# The Australian Table Wines sketch From Monty Python



## mike

A lot of people in this country pooh-pooh Australian table wines. This is a
pity, as many fine Australian wines appeal not only to the Australian palette,
but also to the cognoscenti of Great Britain.

"Black Stump Bordeaux" is rightly praised as a peppermint flavoured
Burgundy, whilst a good "Sydney Syrup" can rank with any of the world's
best sugary wines.

"Chateau Bleu", too, has won many prizes; not least for its taste, and
its lingering afterburn.

"Old Smokey, 1968" has been compared favourably to a Welsh claret,
whilst the Australian wino society thouroughly recommends a 1970 "Coq du
Rod Laver", which, believe me, has a kick on it like a mule: 8 bottles
of this, and you're really finished -- at the opening of the Sydney
Bridge Club, they were fishing them out of the main sewers every half an
hour.

Of the sparkling wines, the most famous is "Perth Pink". This is a
bottle with a message in, and the message is BEWARE!. This is not a
wine for drinking -- this is a wine for laying down and avoiding.

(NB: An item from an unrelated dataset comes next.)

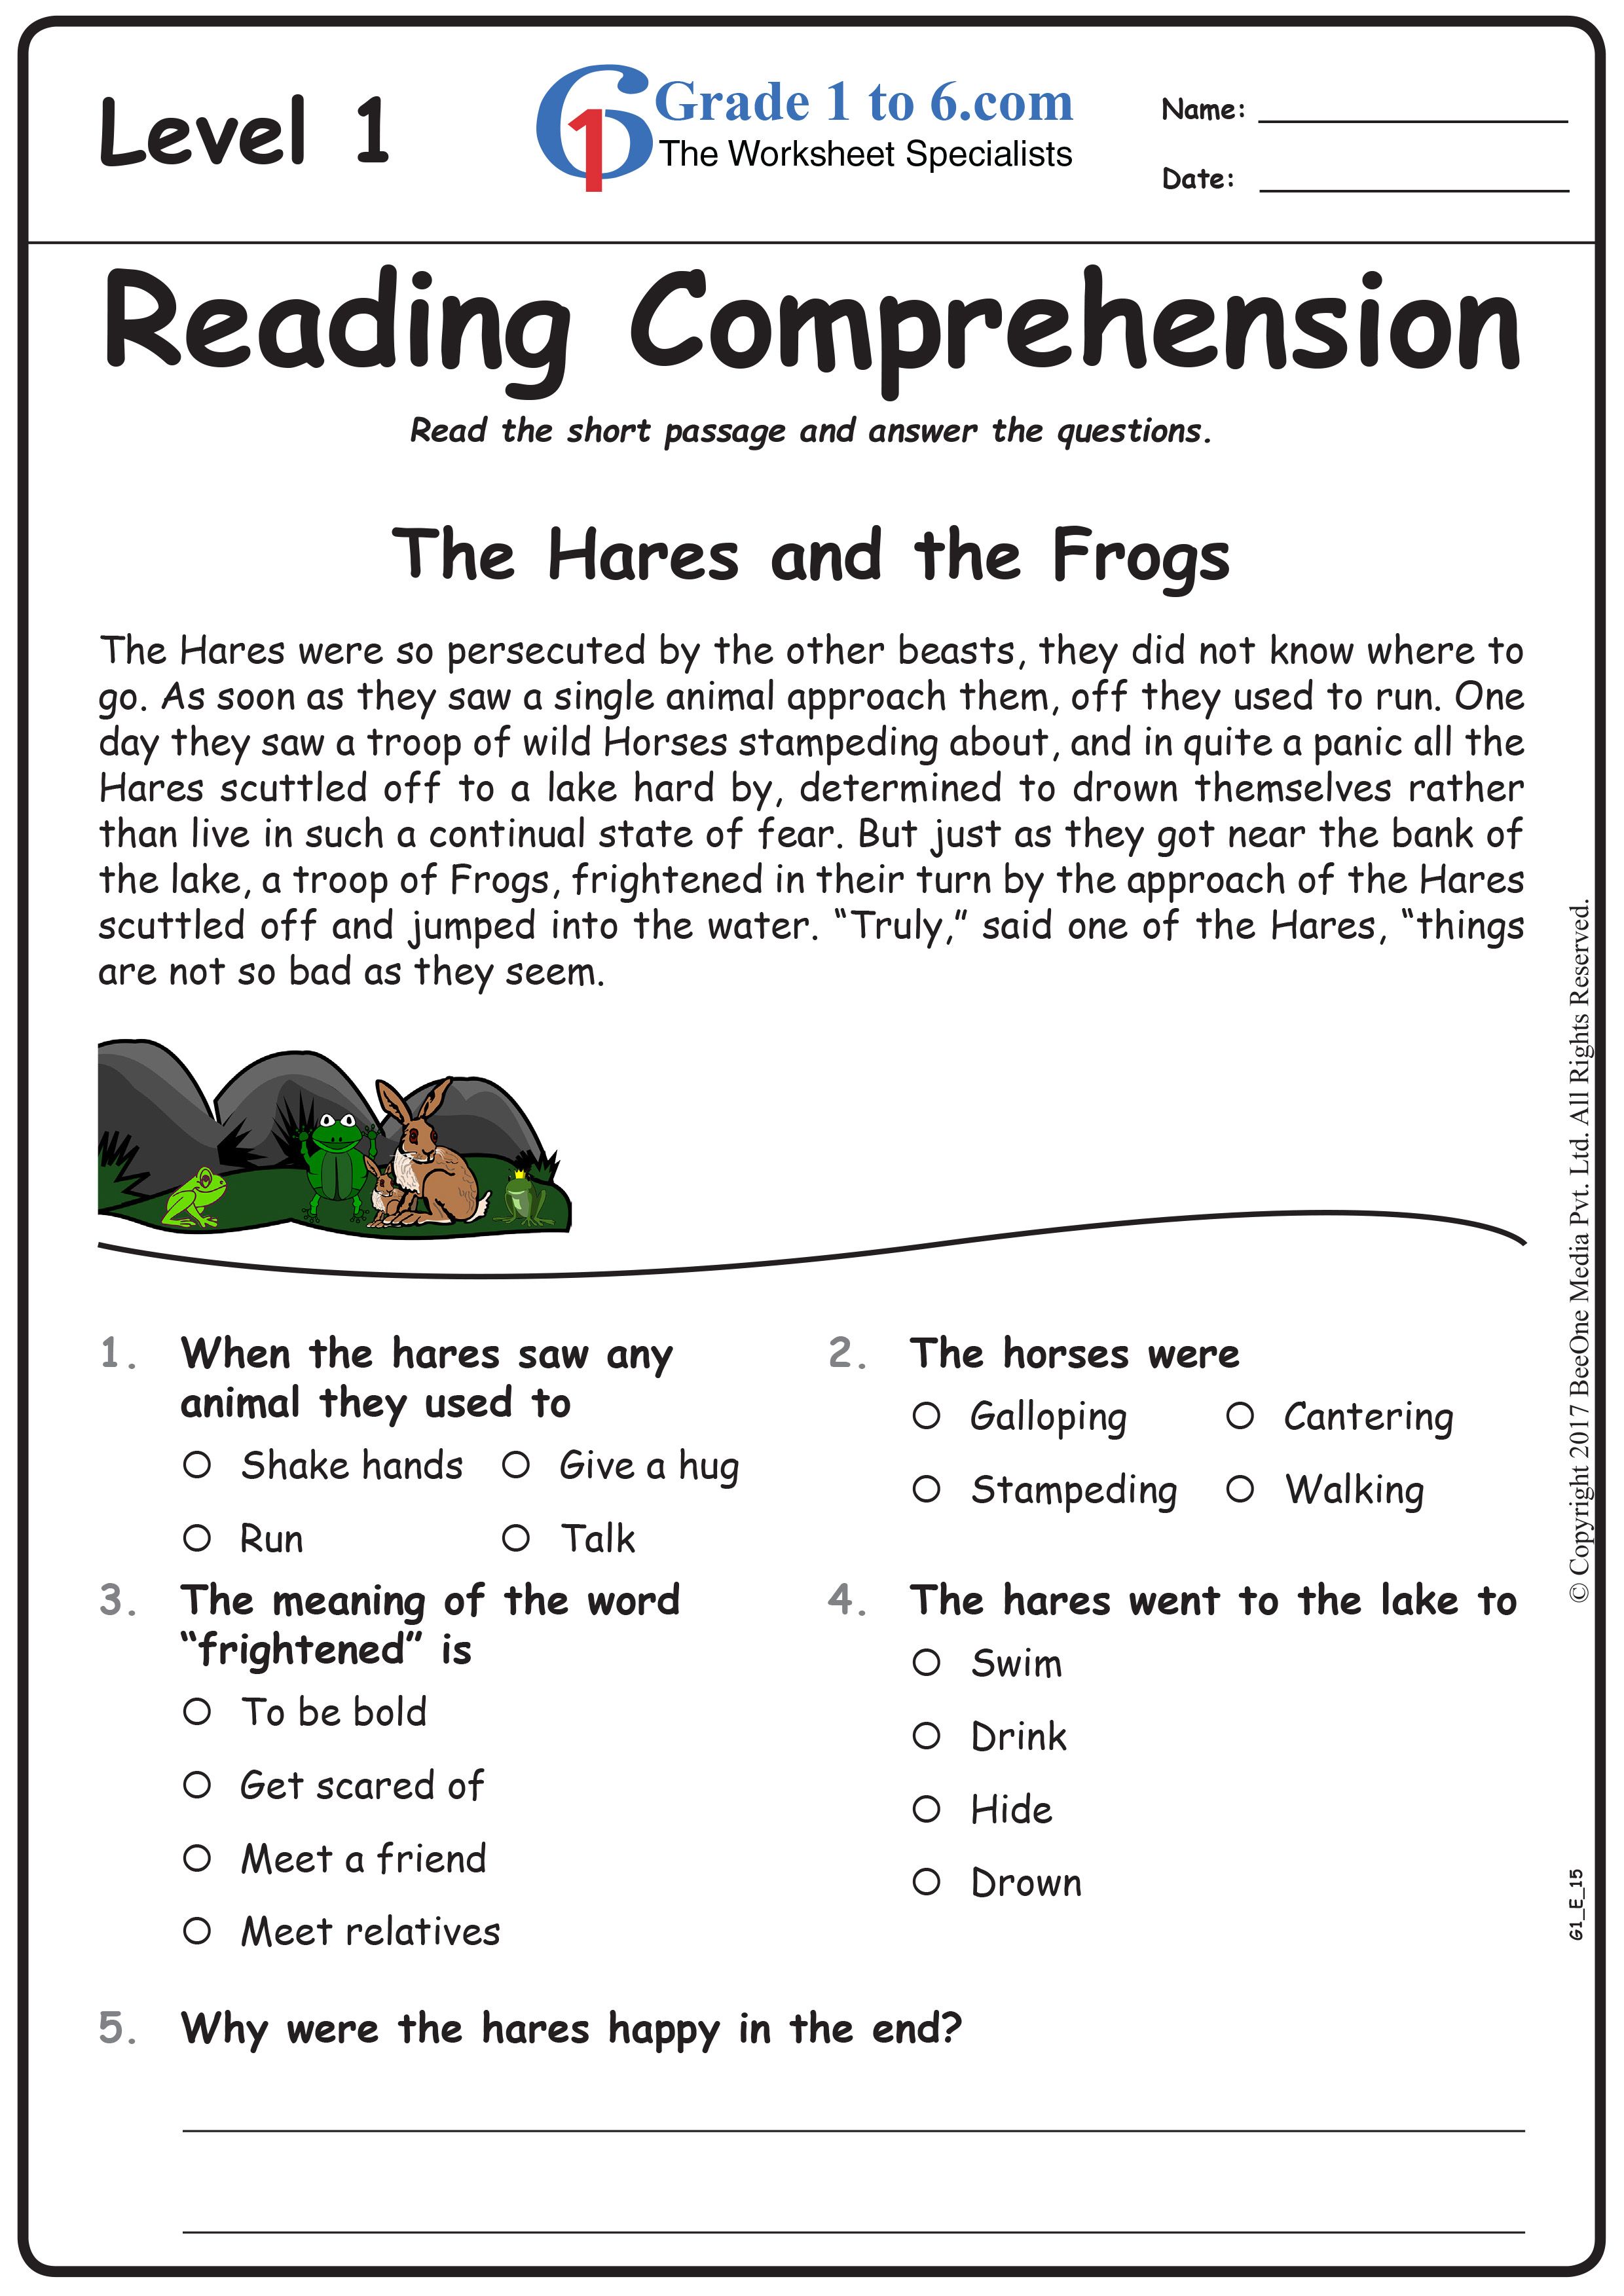 dissertation about reading comprehension

Another good fighting wine is "Melbourne Old-and-Yellow", which is
particularly heavy, and should be used only for hand-to-hand combat.

Quite the reverse is true of "Chateau Chunder", which is an Appelachian
controle, specially grown for those keen on regurgitation -- a fine wine
which really opens up the sluices at both ends.

Real emetic fans will also go for a "Hobart Muddy", and a prize winning
"Cuiver Reserve Chateau Bottled Nuit San Wagga Wagga", which has a
bouquet like an aborigine's armpit.
​


----------



## Wanderer

Quite a few you've mentioned ther Mike I've never heard of but that ain't too startling given the number of different vineyards about these days.

We better let the PC police overlook the wafting from Wagga and I'll try to remember not to do a bouquet test if I come across it.

One of the best [smpoothest] [and everything a red should be] reds I've ever had was from a Robertson Vineyard [you've made me do some work on locating the 'culprits' - bit of a mystery and another story] found in all places, a little Vintner in Switzerland about 12 years ago.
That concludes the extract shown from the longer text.